Clint Eastwood is a legendary film personality. I am a great fan of his. As an actor, I had my reservations with him, but as a storyteller, I have truly inhaled him. 'Million Dollar Baby' is amongst his finest films, a superb film, that almost reaches a Landmark level!
About a hardened trainer/manager works with a determined woman in her attempt to establish herself as a boxer. 'Million Dollar Baby' begins with some humor, then it improves itself into becoming a motivational punch, but ends as a dry and depressing saga. I adored almost everything about the film, except the final 20-25 minutes. The culmination is very depressing. In fact, one just doesn't imagine it would have to end this way!

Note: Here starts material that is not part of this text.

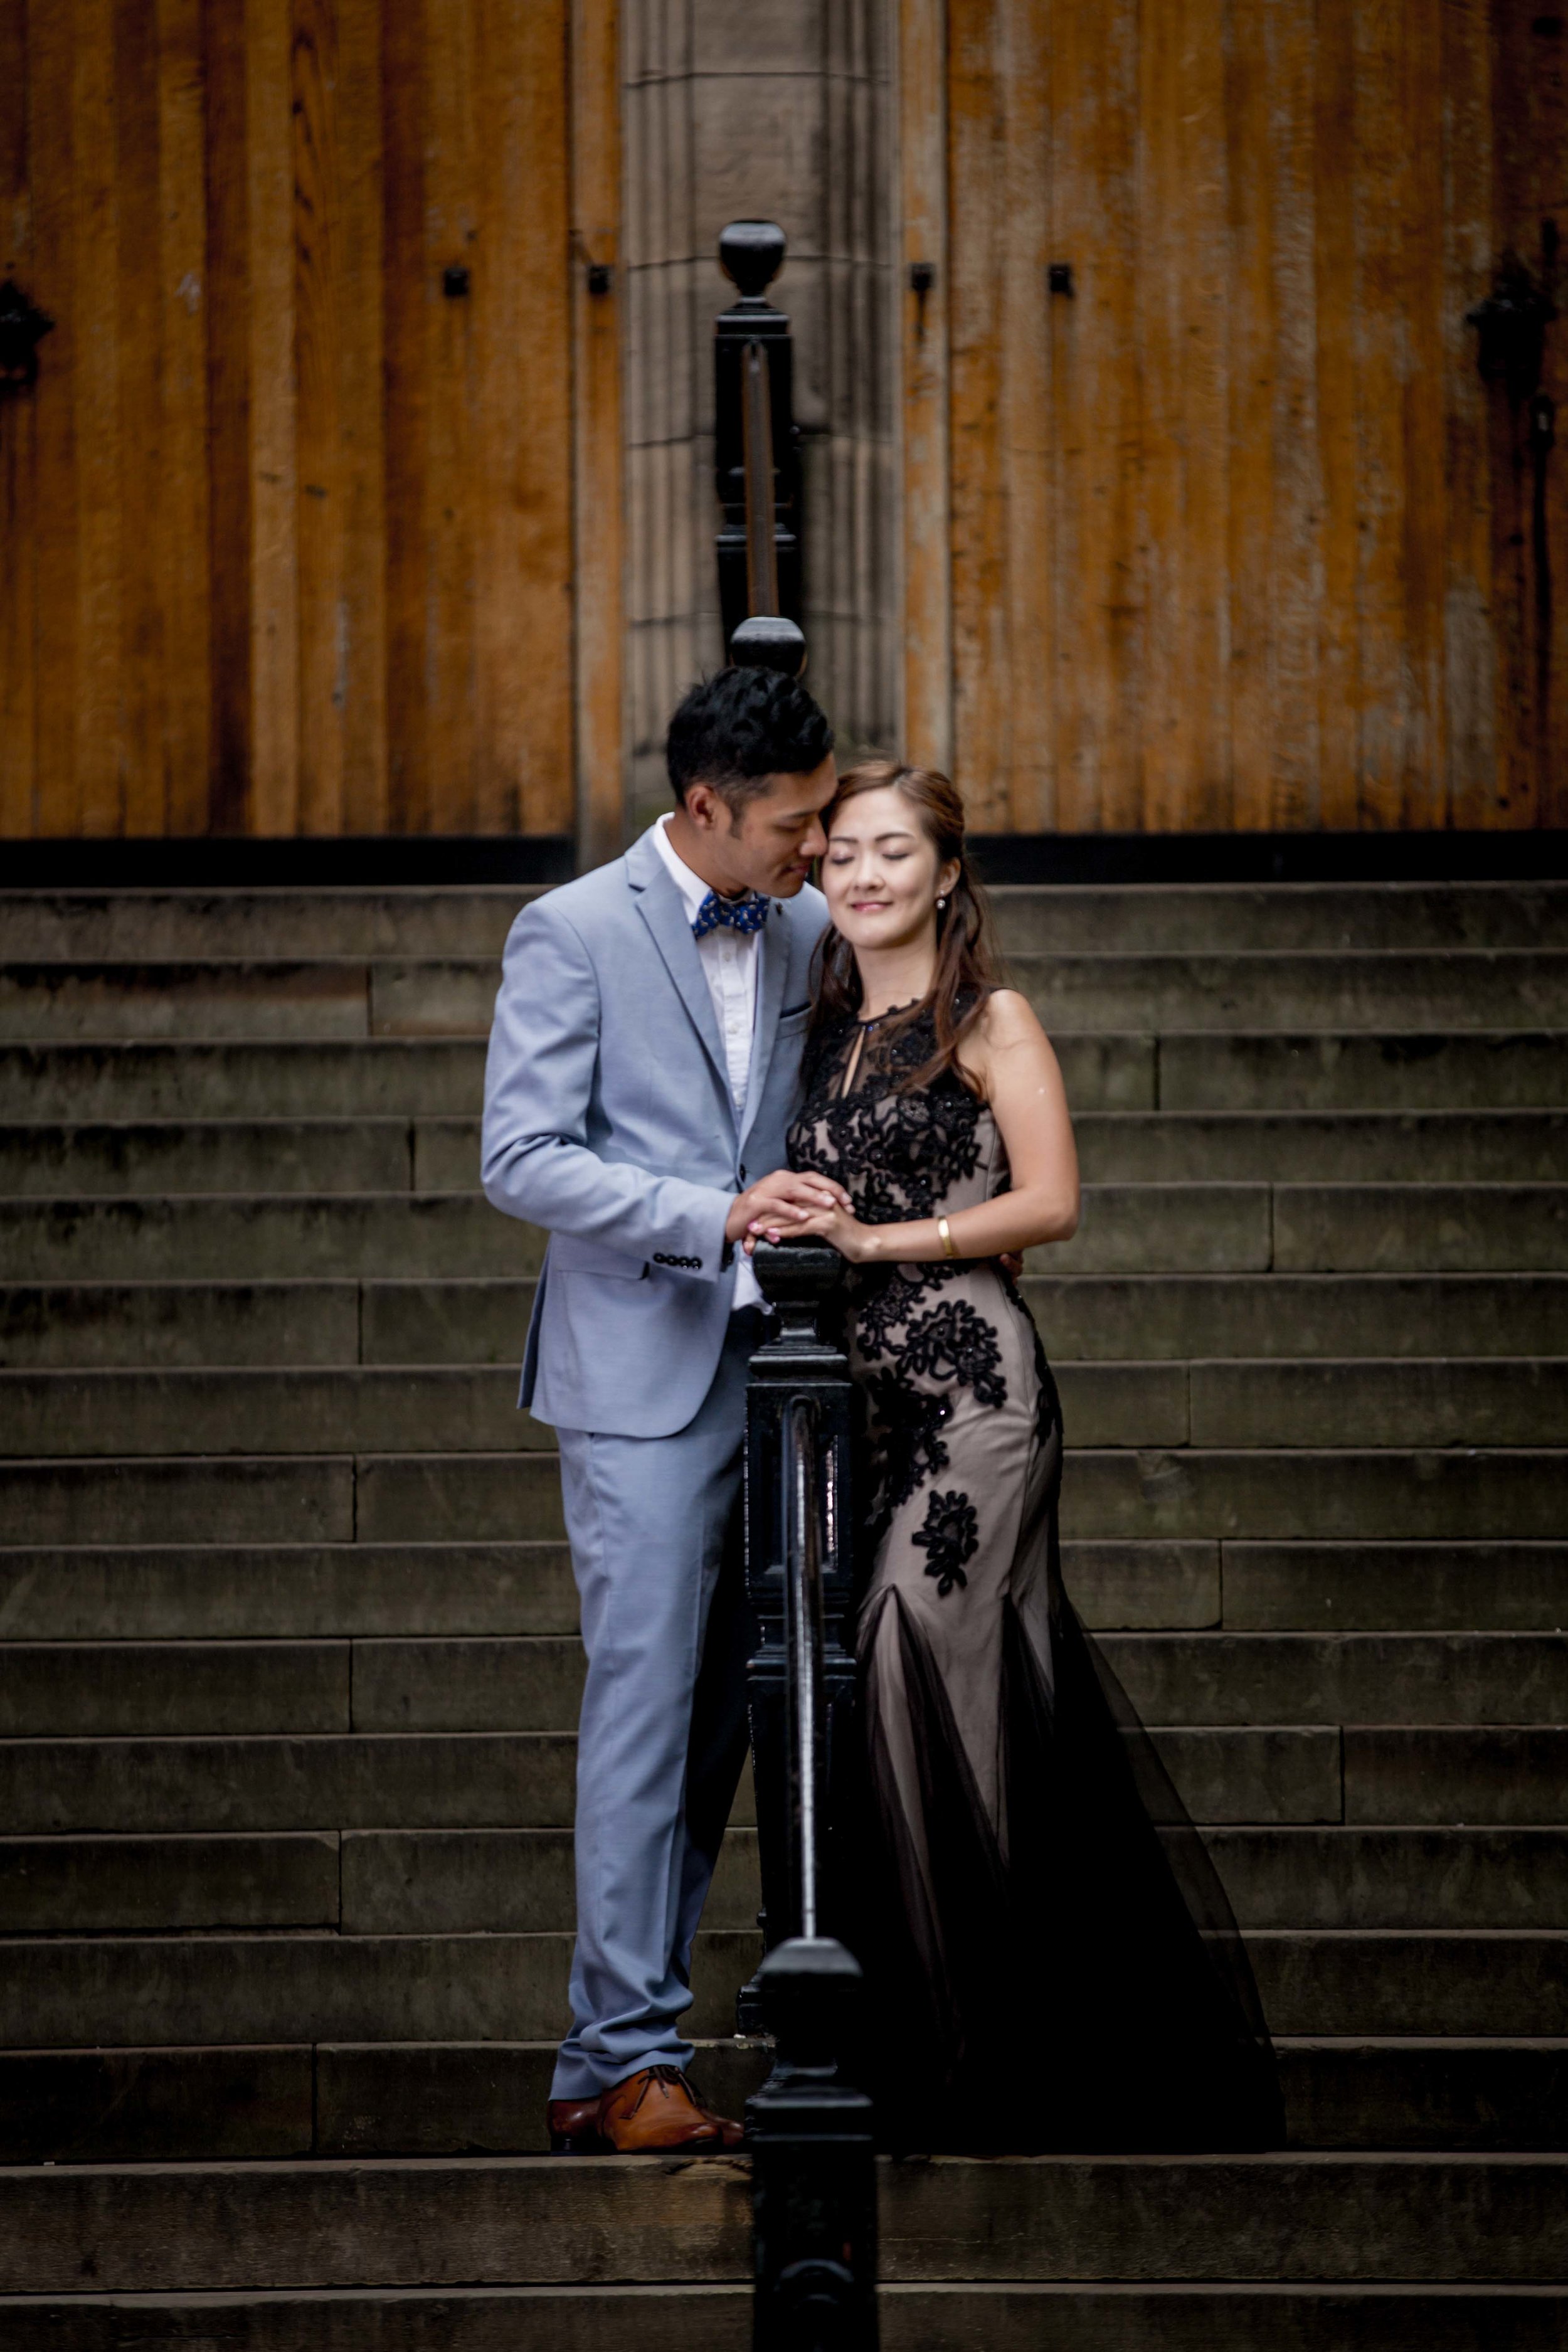 婚紗攝影倫敦英國-婚纱摄影伦敦英国-Chinese- pre-wedding-engagement-shoot-photoshoot-London-edinburgh-destination-wedding-photographer-hong-kong-natalia-smith-photography-31.jpg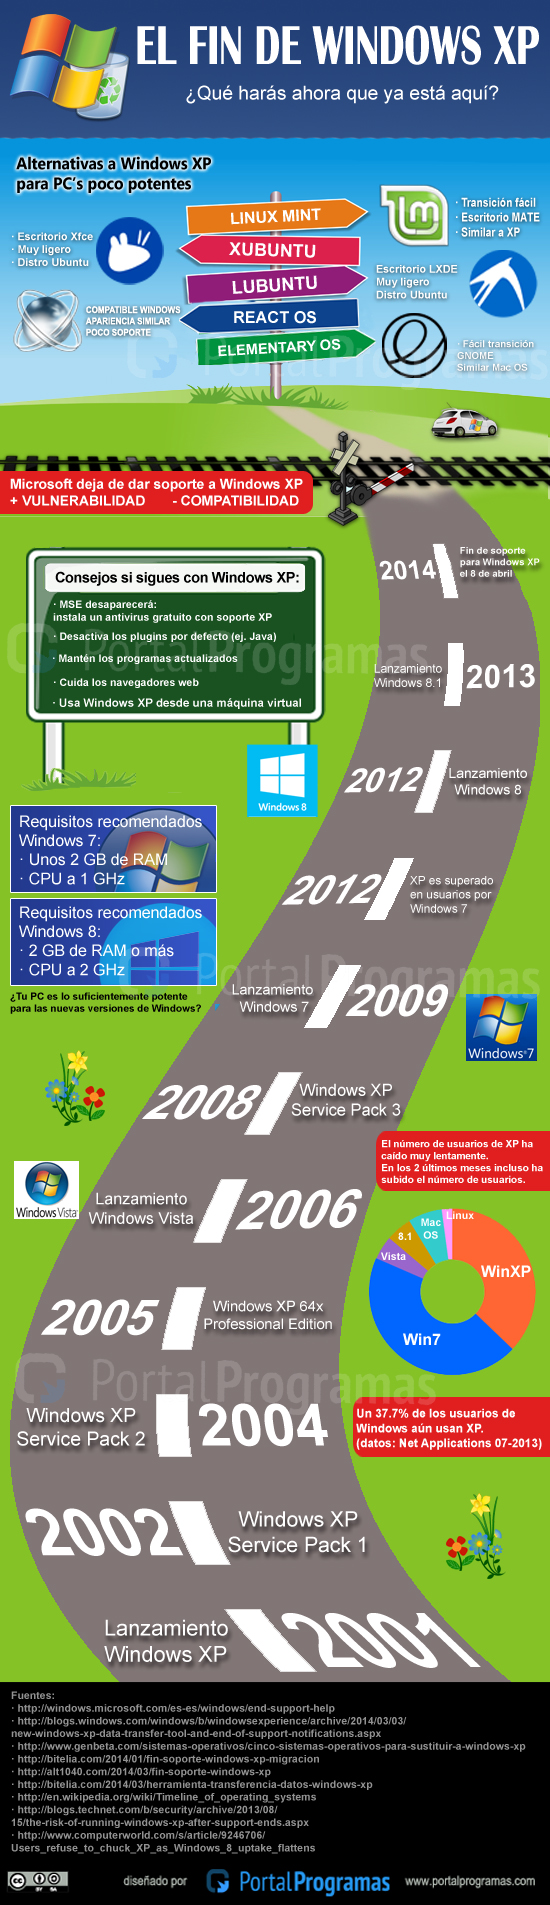 El fin de Windows XP - Infografía

But in all fairness, this one is a winner!
Eastwood's understanding to the subject is objective and that's biggest plus point. Tom Stern's Cinematography is splendid. Joel Cox's editing is razor-sharp.
In the acting department, Hilary Swank delivers a Knock-out performance. She is the life of the show. Morgan Freeman is wonderfully restrained. Eastwood's performance, is a pure of example, of apt multi-tasking. Jay Baruchel as Danger, is flawless. Anthony Mackie is his usual self. Brian F. O'Byrne is passable.
On the whole, the list of accolades this 2004 flick received is truly unprecedented. It's got a legendary tag. From this writer, Thumbs Up!